**What you need to do:** The lines below, from the one containing "A train passenger" through the one containing "Images of America Saco Revisited", should be set down exactly, with no pictures and nothing else.

**Excerpted data:**
>>

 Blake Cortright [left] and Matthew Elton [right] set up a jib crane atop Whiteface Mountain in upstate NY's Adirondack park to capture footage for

<<
>>

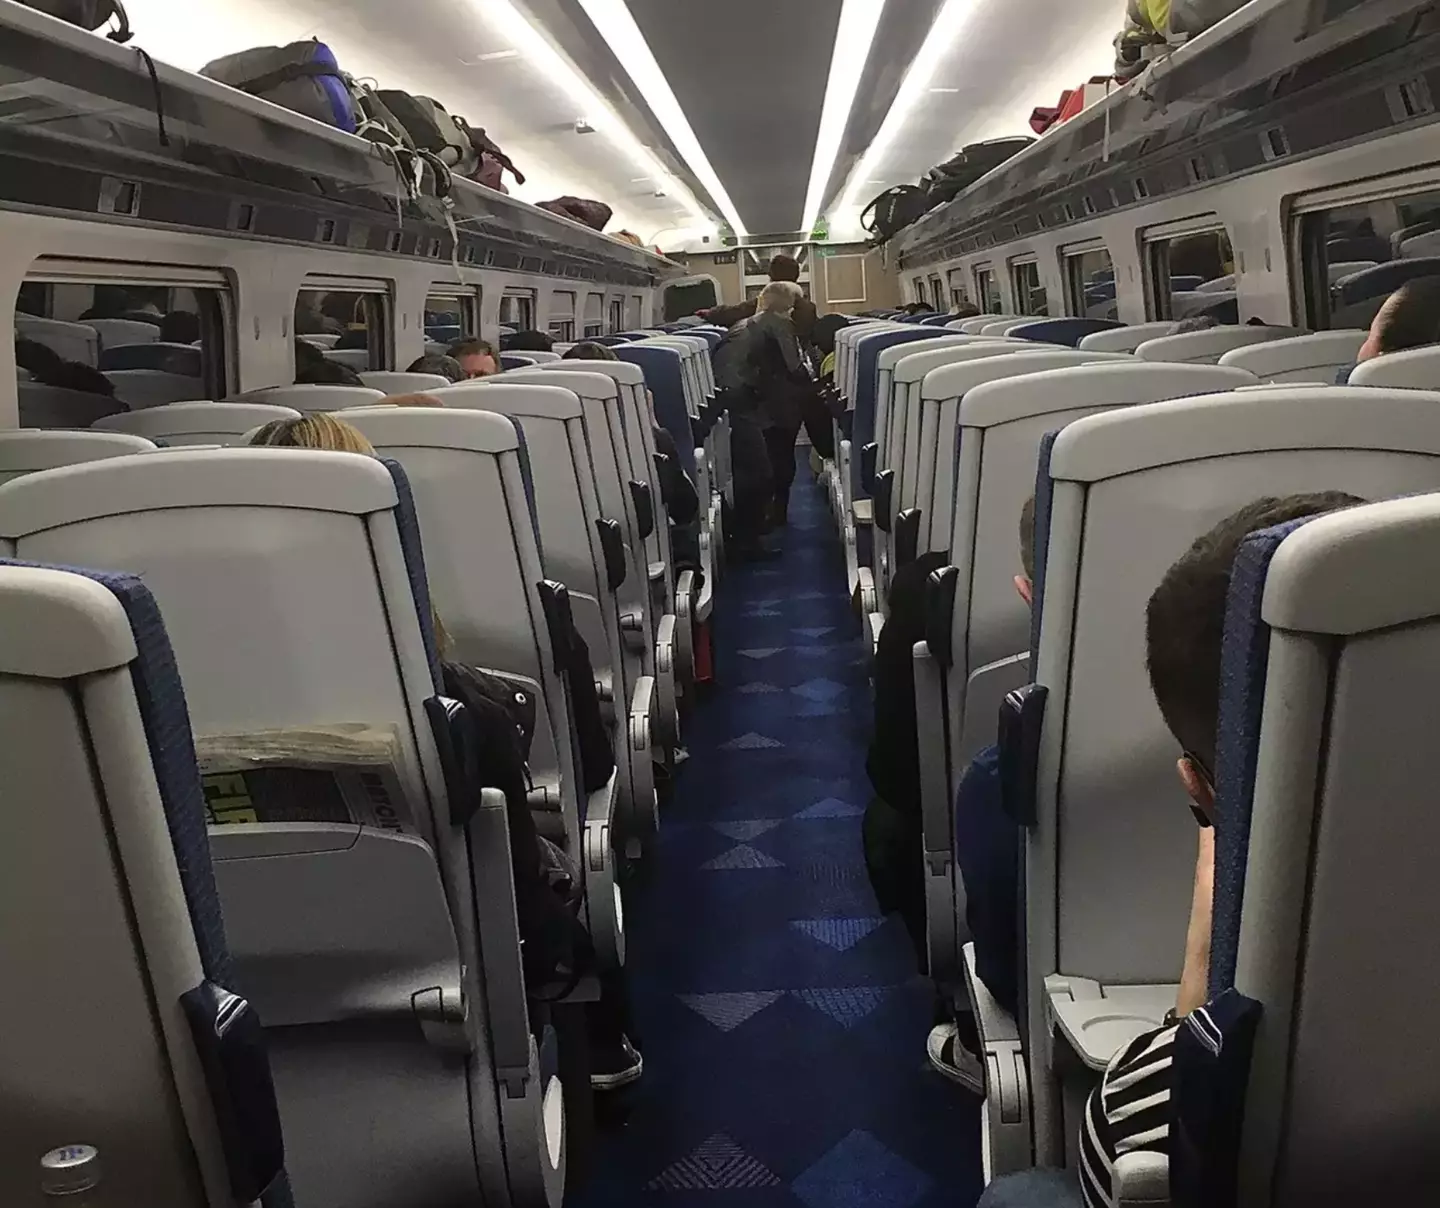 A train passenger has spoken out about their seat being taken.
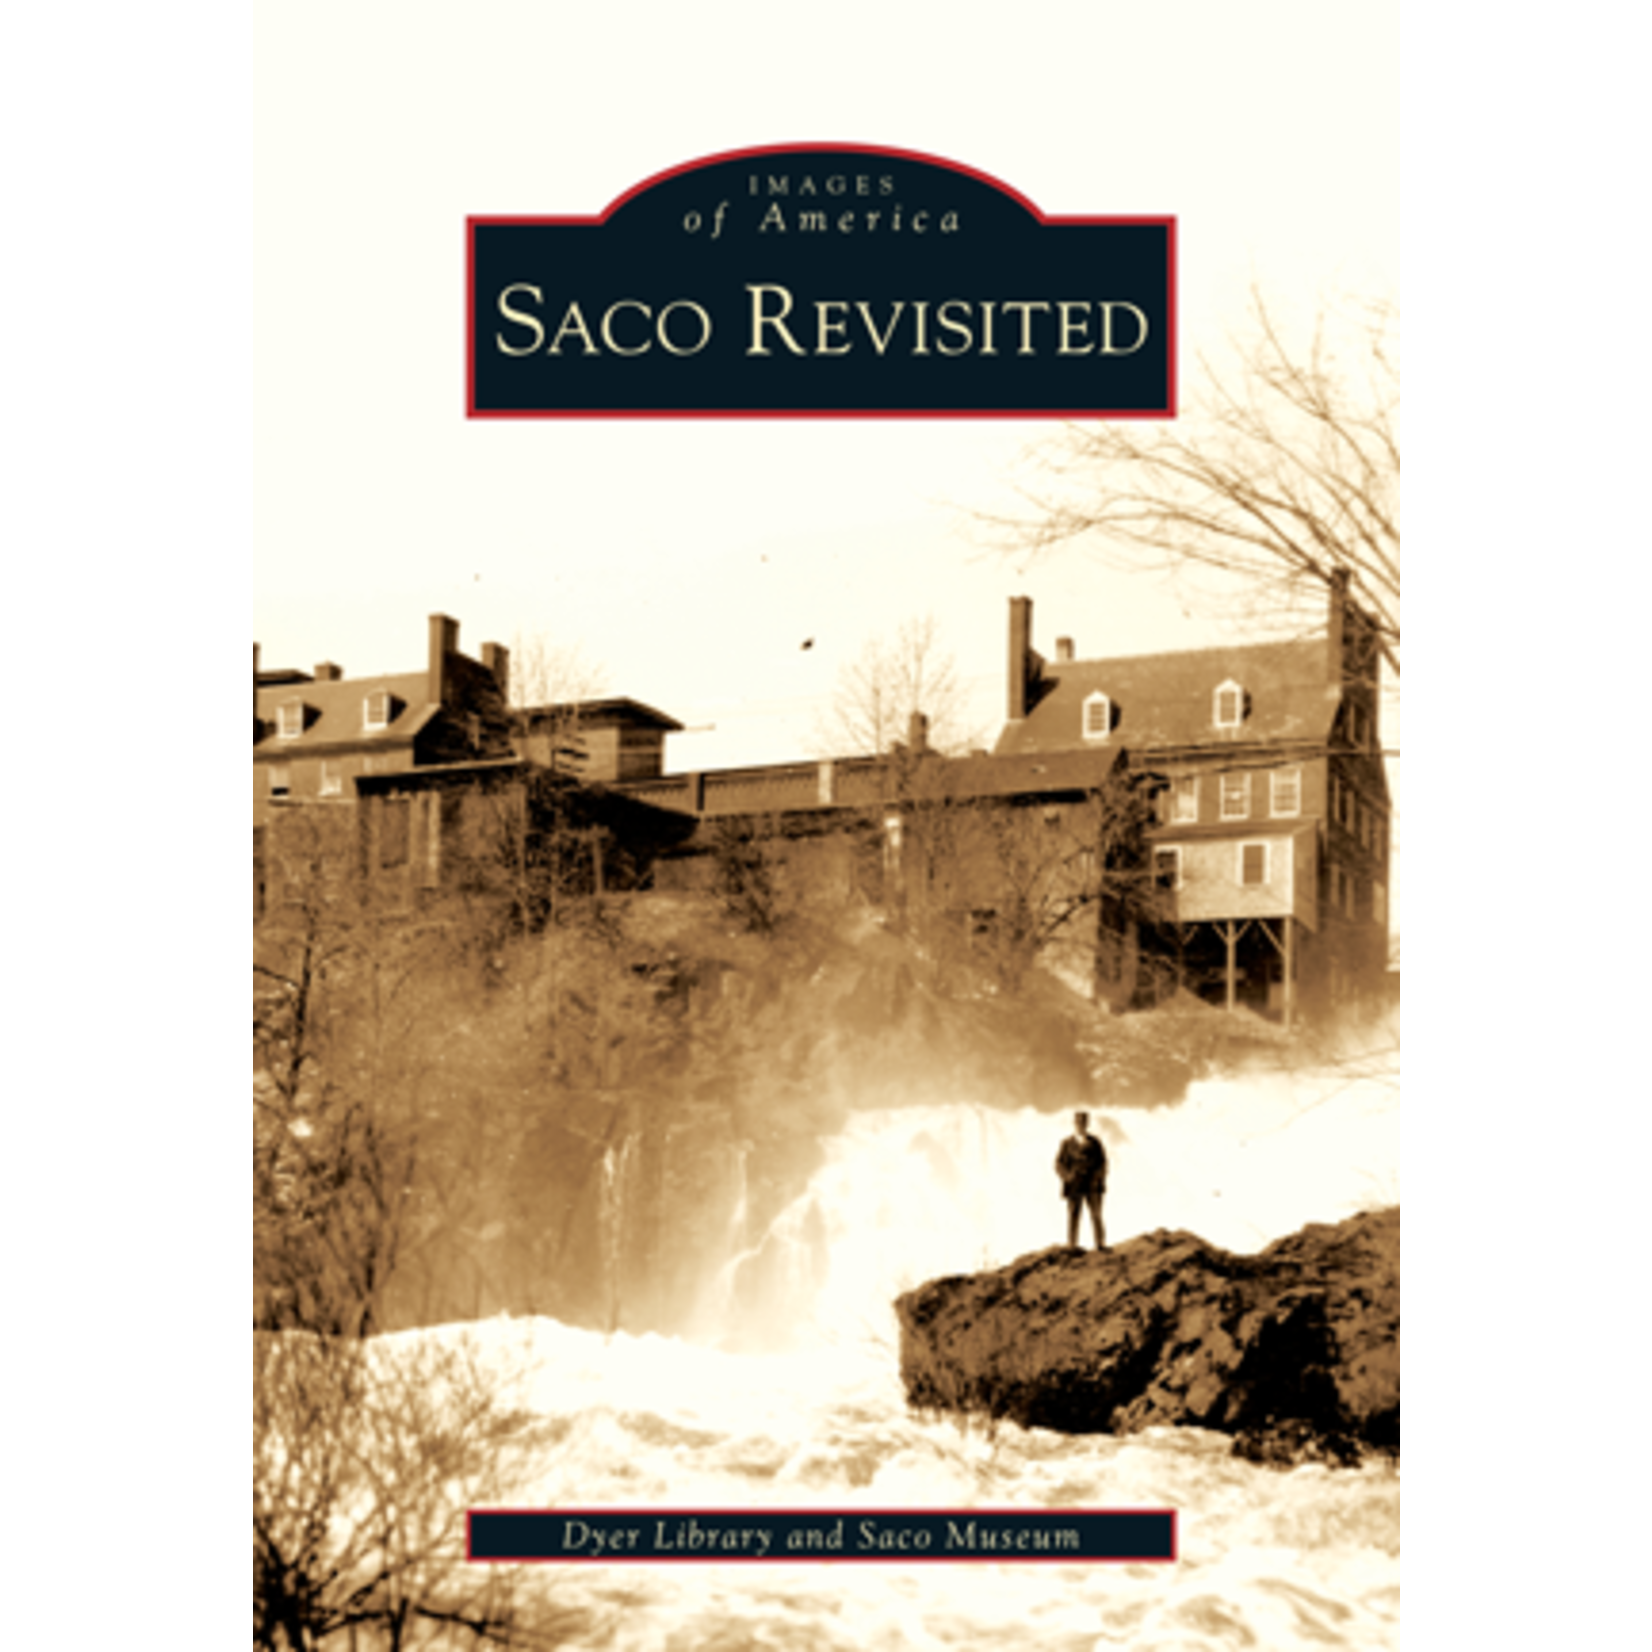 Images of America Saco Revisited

<<

**Written response:**
 A train passenger has spoken out about their seat being taken.
 Images of America Saco Revisited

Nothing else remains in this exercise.